With the extension, you can download, delete or anonymise customers' data from the admin panel. For example, if a customer can't log in to an account and asks you to anonymise the data, you can easily do it.

Proceed to Customers → All Customers and choose a particular one.

In the Personal Data dropdown you can choose the appropriate action to be done with a customer's data. For example, click Anonymise and confirm the action. Check the result.

To manage all the existing cookies, go to Customers → Cookies.

With the extension you can easily track and sort all cookies on a separate grid by its ID, Name, Group, Description and the Lifetime.

To view or change the configuration of a cookie, click Edit in the Action column.

To delete cookies, tick them and choose Delete option in the Actions dropdown menu.

To create a new cookie, hit the Add New Cookie button.

Cookie Name - specify the title of the cookie.

Description - fill in some information about the usage of the cookie.

Cookie Lifetime - set the lifetime of a cookie that will be displayed to customers on the Cookie CMS page.

Cookie Group - assign the cookie to a particular group.

To arrange cookies into essential and optional categories, go to Customers → Cookie Groups.

With the extension you can manage all your cookie categories in a handy grid.

On the grid the ID, Cookie Group Name and Description are displayed. Also you can see if each group Is Essential and Is Enabled.

To configure any group, click Edit in the Action column.

To delete several groups in one click, tick them and choose Delete option in the Actions dropdown menu.

To create a new category, click Add New Group.

Enabled - choose Yes to activate the group.

Is Essential - set to Yes to make the group obligatory.
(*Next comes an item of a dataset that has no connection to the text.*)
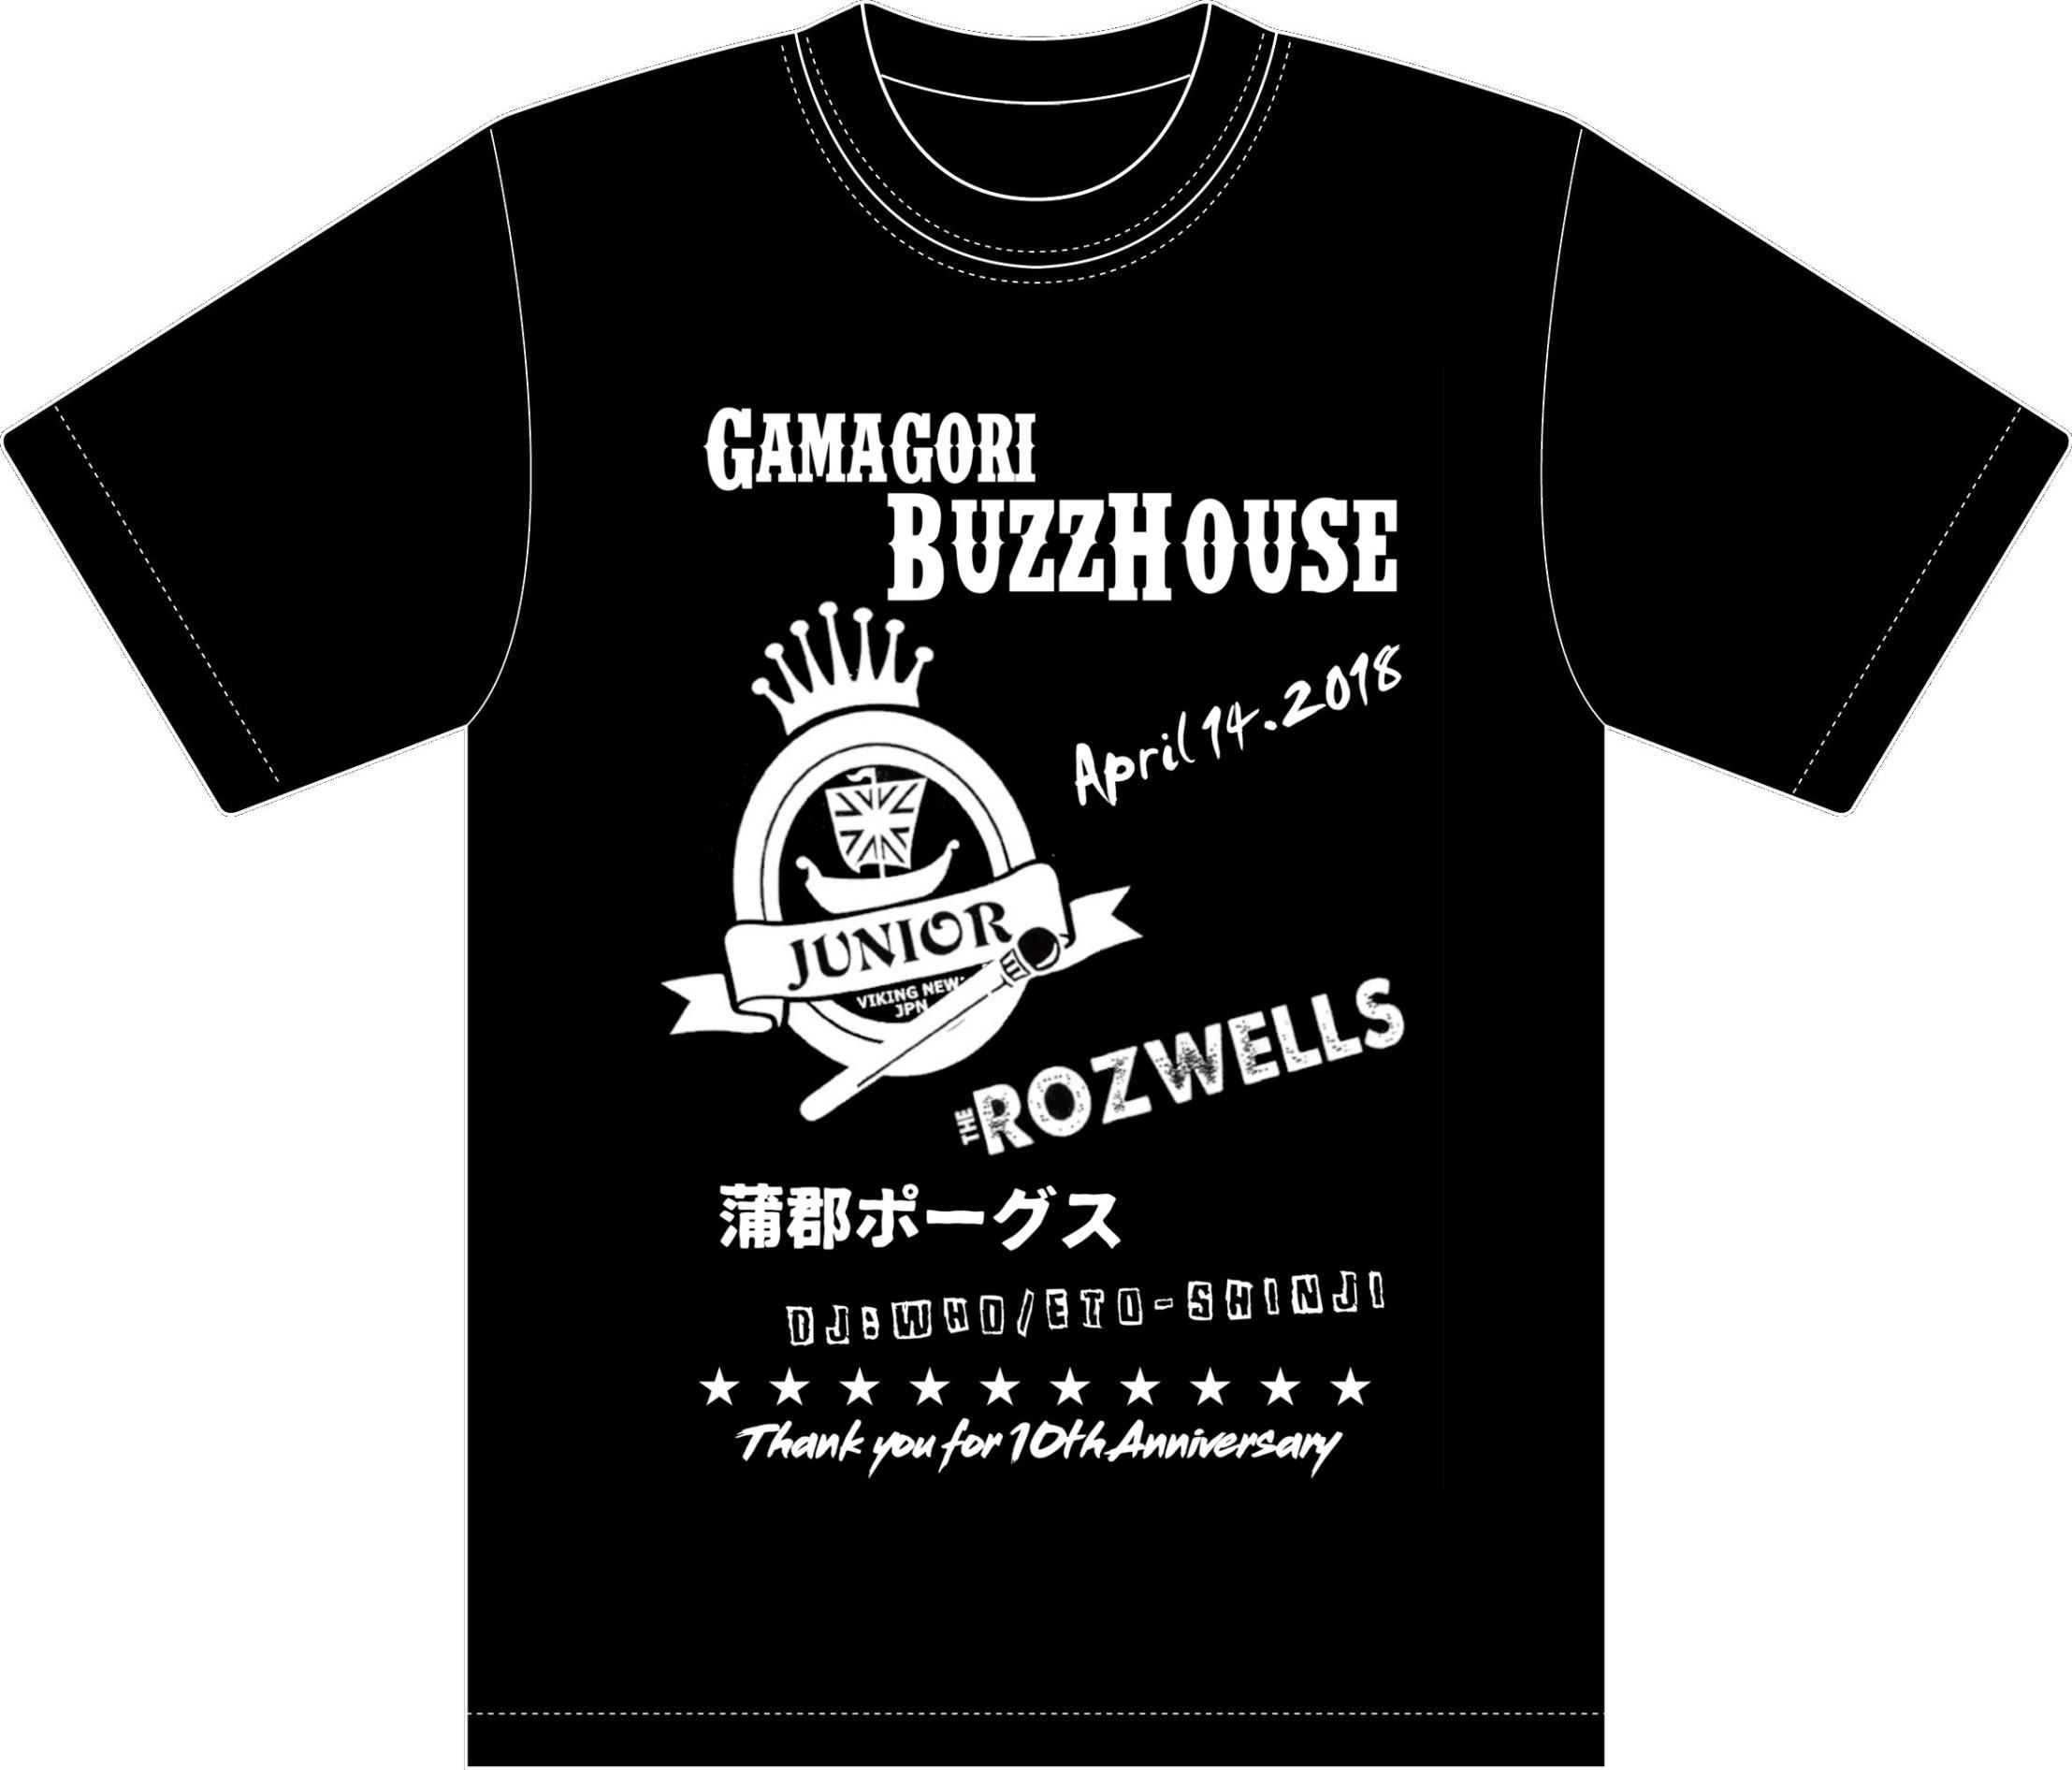 "\""GAMAGORI BUZZ HOUSE PRESENT ~TENTH ANNIVERSARYT PARTY~ \""BUSY!BUSY!!BUSY!!!\""  イベントTシャツ発売決定!\""  _b0123708_07510504.jpg"

In this case the customers will have to allow this cookie group to get access to the website.

Cookie Group Name - specify the title of the cookie group that will be displayed to the customers on the frontend and on the grid in admin panel.

Description - fill in the information about the usage of the group so that the customers could decide whether to allow this group or not.
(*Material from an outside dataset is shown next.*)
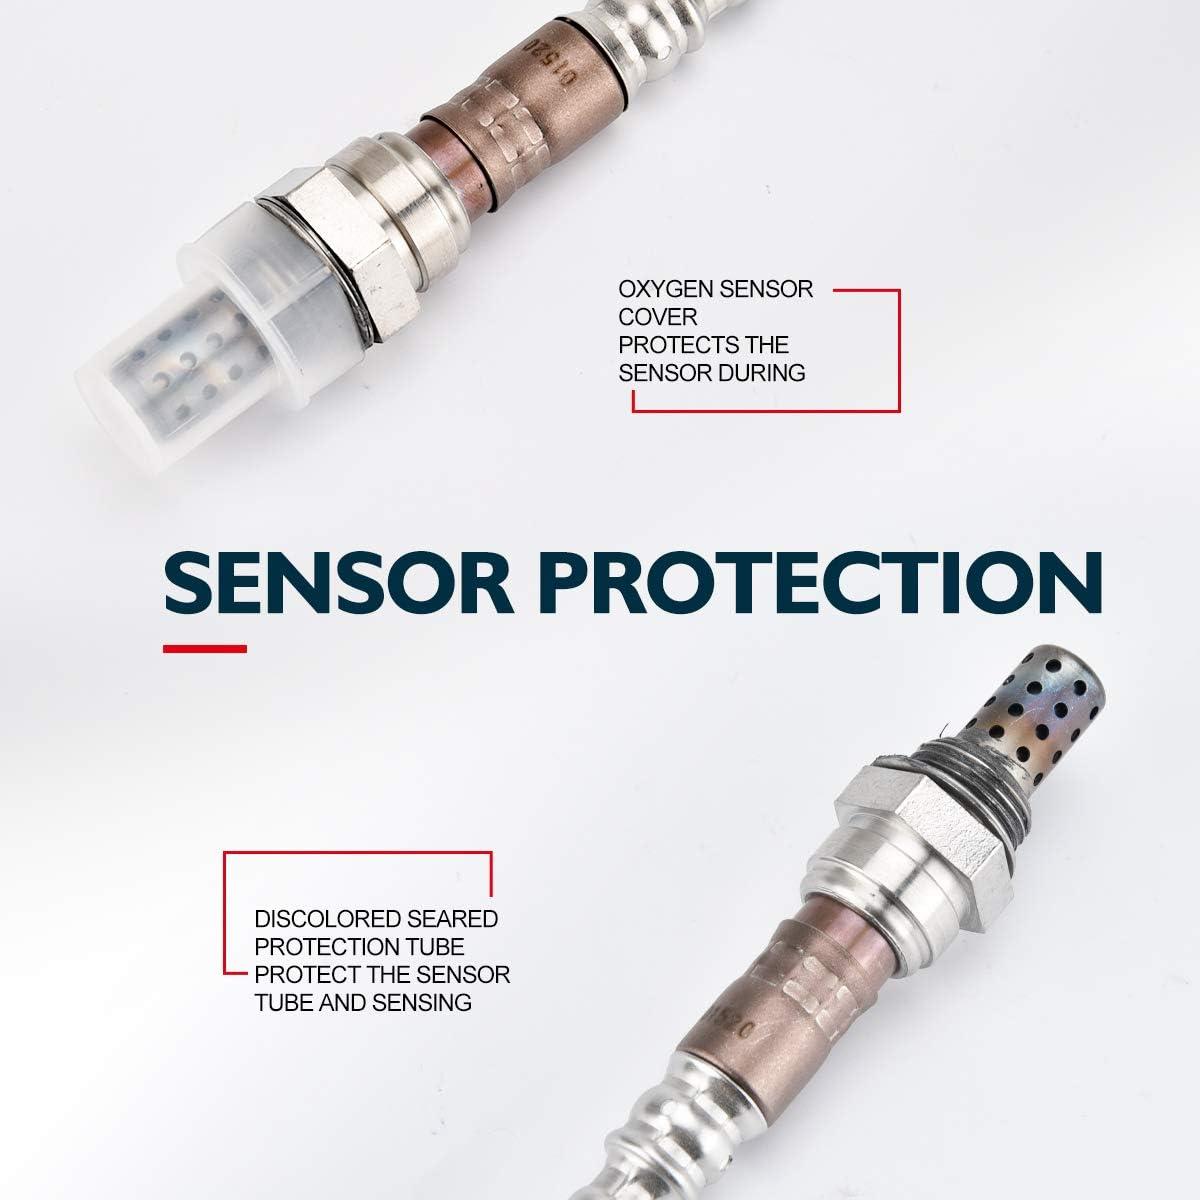 Honda Accord//Civic//Odyssey Original Equipment Replacement 250-24011 O2 Sensor Up//Downstream Compatible for Acura CX//NSX//Intrgra KAX SG336 Oxygen Sensor

Assigned Cookies - select the cookies to include in the group.

Save the configuration.

Here customers can choose which cookie categories they allow to process:

The extension adds a ‘Cookie Settings’ link to the footer so that the customers can easily reset cookie usage conditions any time they need:

To find the list of all consents and customers data, go to Customers → Cookie Consents.
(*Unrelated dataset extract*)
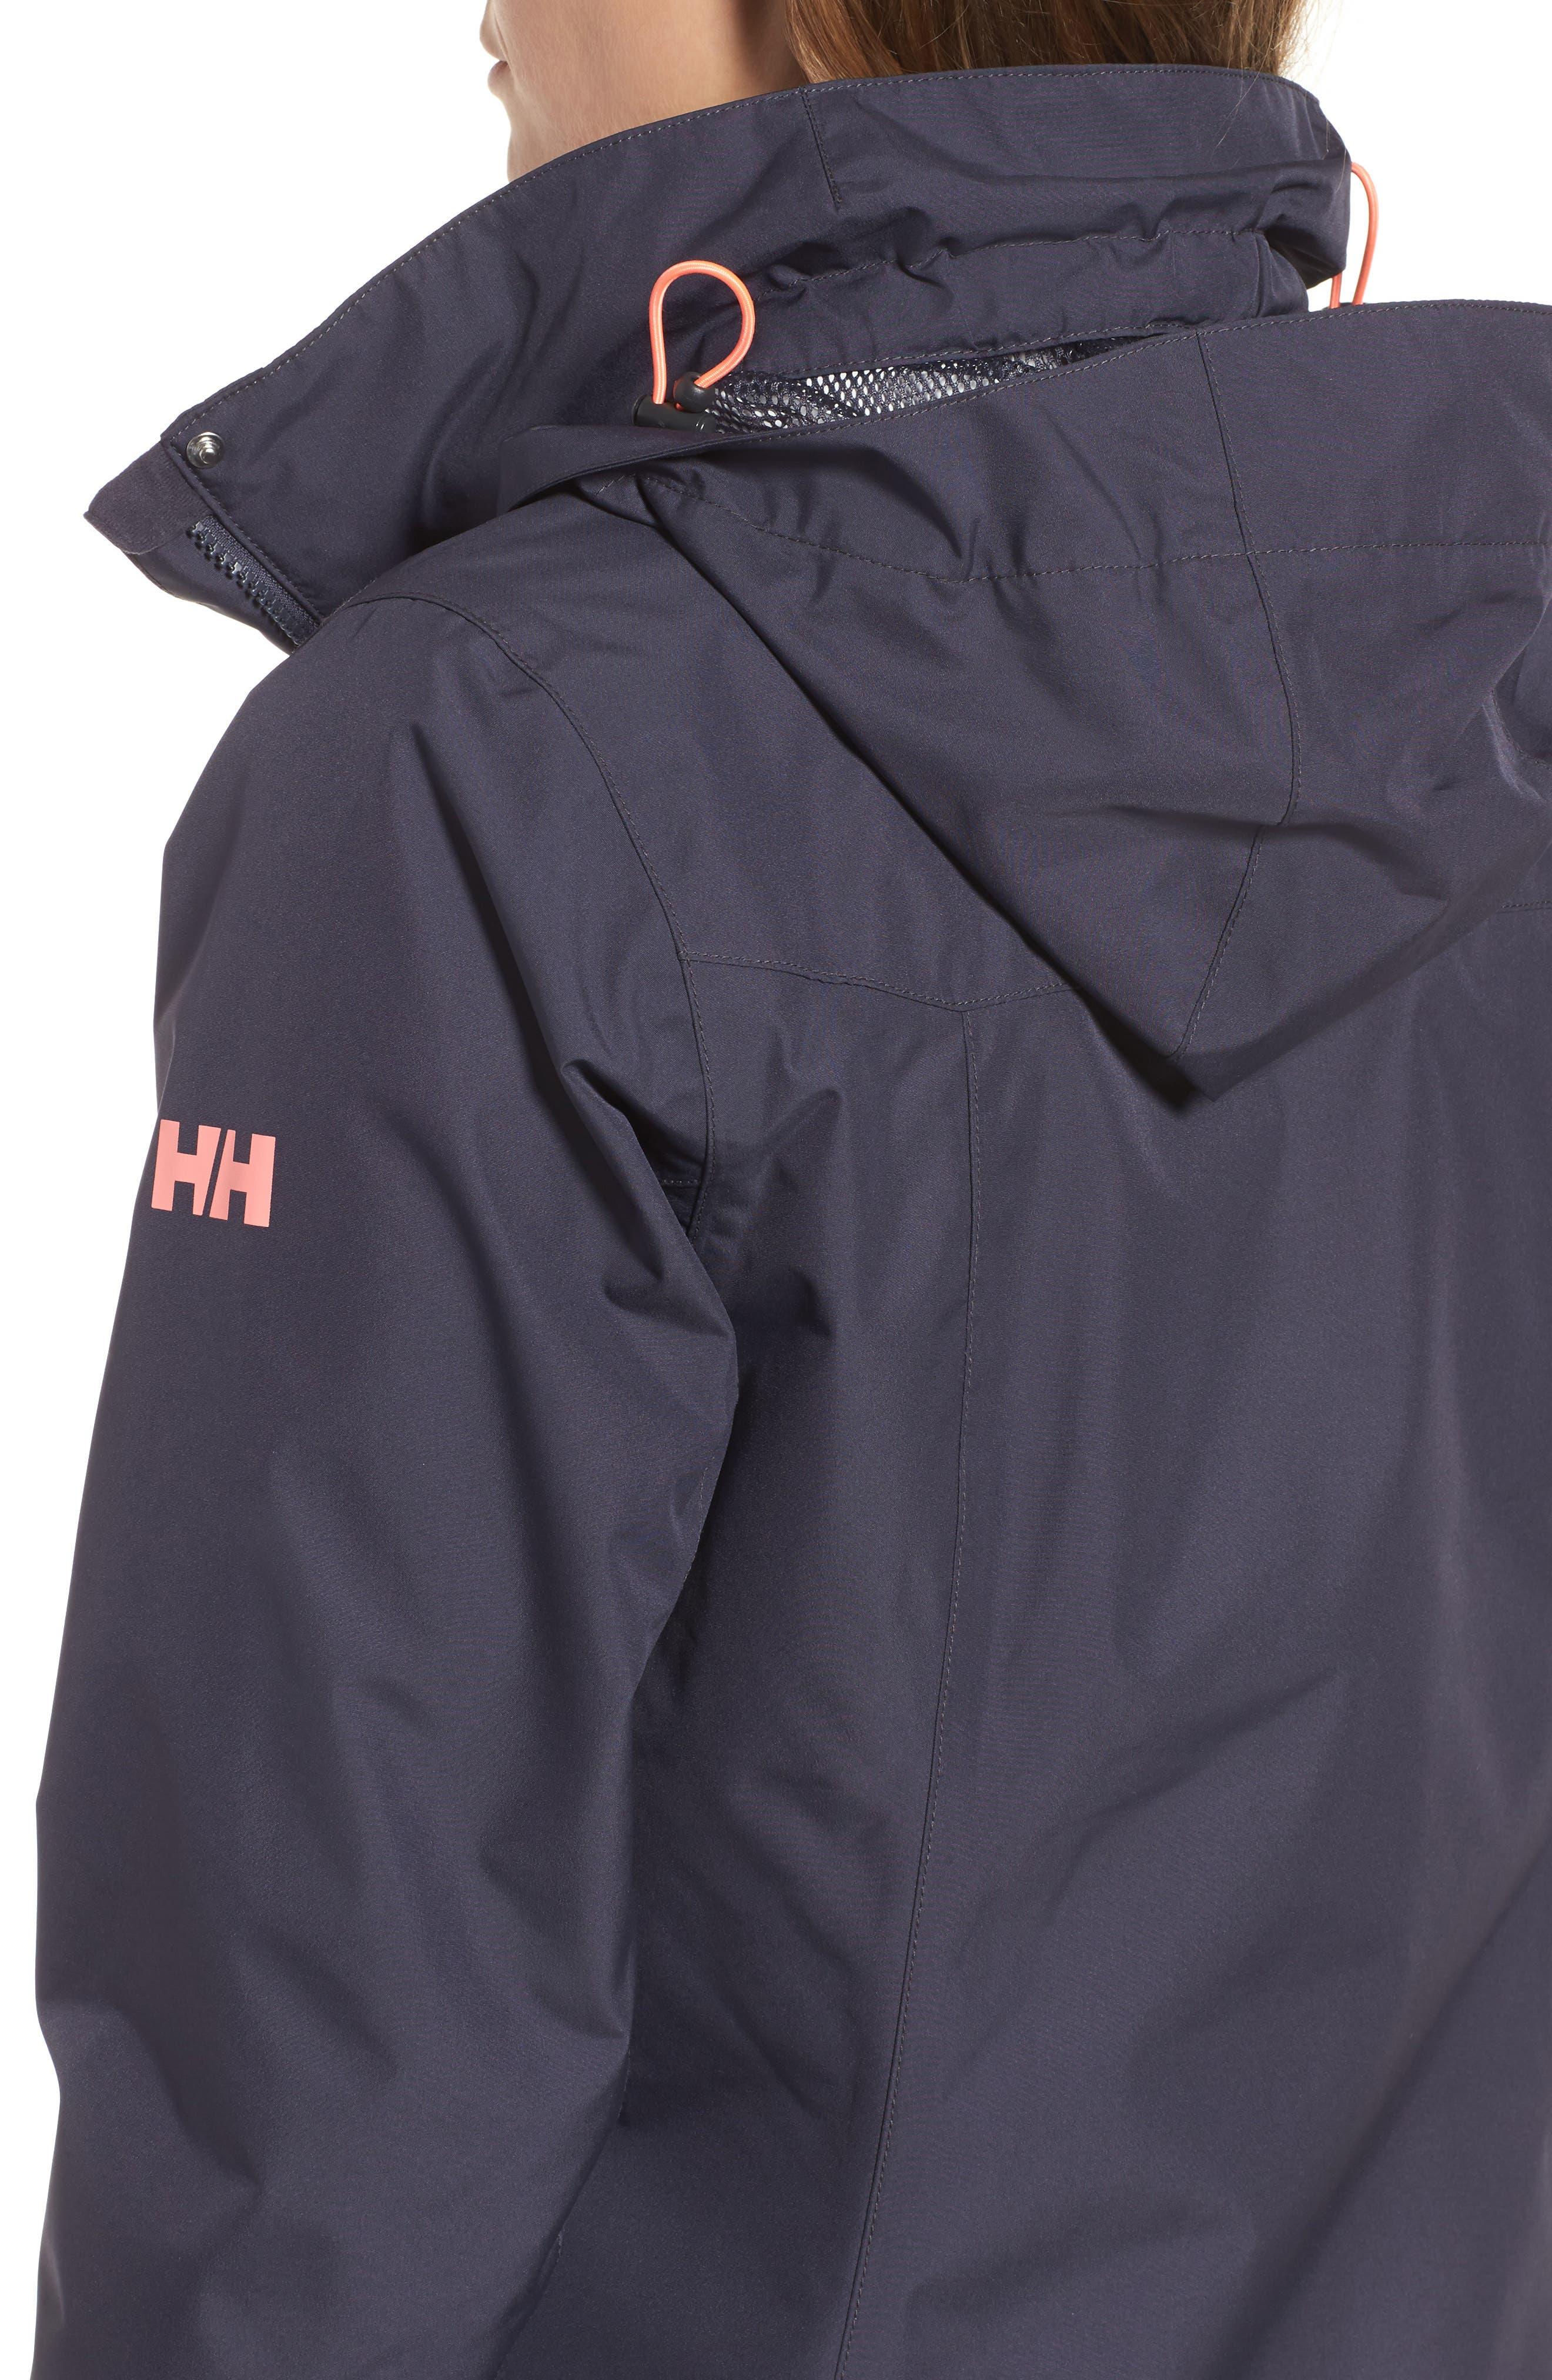 'Aden' Helly Tech<sup>®</sup> Raincoat,                             Alternate thumbnail 4, color,                             Graphite Blue

You can find all needed info in one place. The grid allows to track consents by customer Name, Email, IP Address, Website, Consent Type, Date and Consent Status. This data can be useful for different consents analysis.

GDPR Management Grids

The module contains the number of grids needed for efficient GDPR management.

Checkboxes Management

With the extension it is possible to create multiple independent checkboxes on a form with their own settings. Please navigate to Amasty → Personal Data Protection → Consent Checkboxes grid to view and manage all checkboxes.

On the grid you can see each checkbox settings.

To remove them in bulk, tick the necessary ones and choose the Delete option in the Actions dropdown.

To create a new one, hit the New Checkbox button.

Checkbox Name - specify the title of a checkbox for internal use.

Checkbox Code - set the code of the checkbox.

Enabled - switch to Yes to activate the check on the frontend.

Confirmation Required - if enabled, a customer will have to give the consent to submit an action.

Hide the Checkbox after User Gave the Consent - if enabled, the system will always log consents to the checkbox. Moreover, the checkbox will be also added to customer account under the section 'Given Consent' to opt in or opt out from consent. The checkbox will be displayed again in case you introduce changes to the privacy policy. If the option is disabled, an admin can choose whether to log the consents or not.

Log the Consent - if enabled, customer’s consent will be saved in the ‘Consent Log’ grid.

Keep in mind, that if you disable Hide the Checkbox after User Gave the Consent, the checkboxes will not appear in the customer account settings, as customers will have to give their consents every time on the store pages.

Checkbox Position - define the checkbox position among other checkboxes on the frontend. The feature helps to set the order of several checkboxes in case they are displayed in one place. 0 is the highest priority.

Checkbox Location - select the pages and forms to which a particular checkbox will be applied.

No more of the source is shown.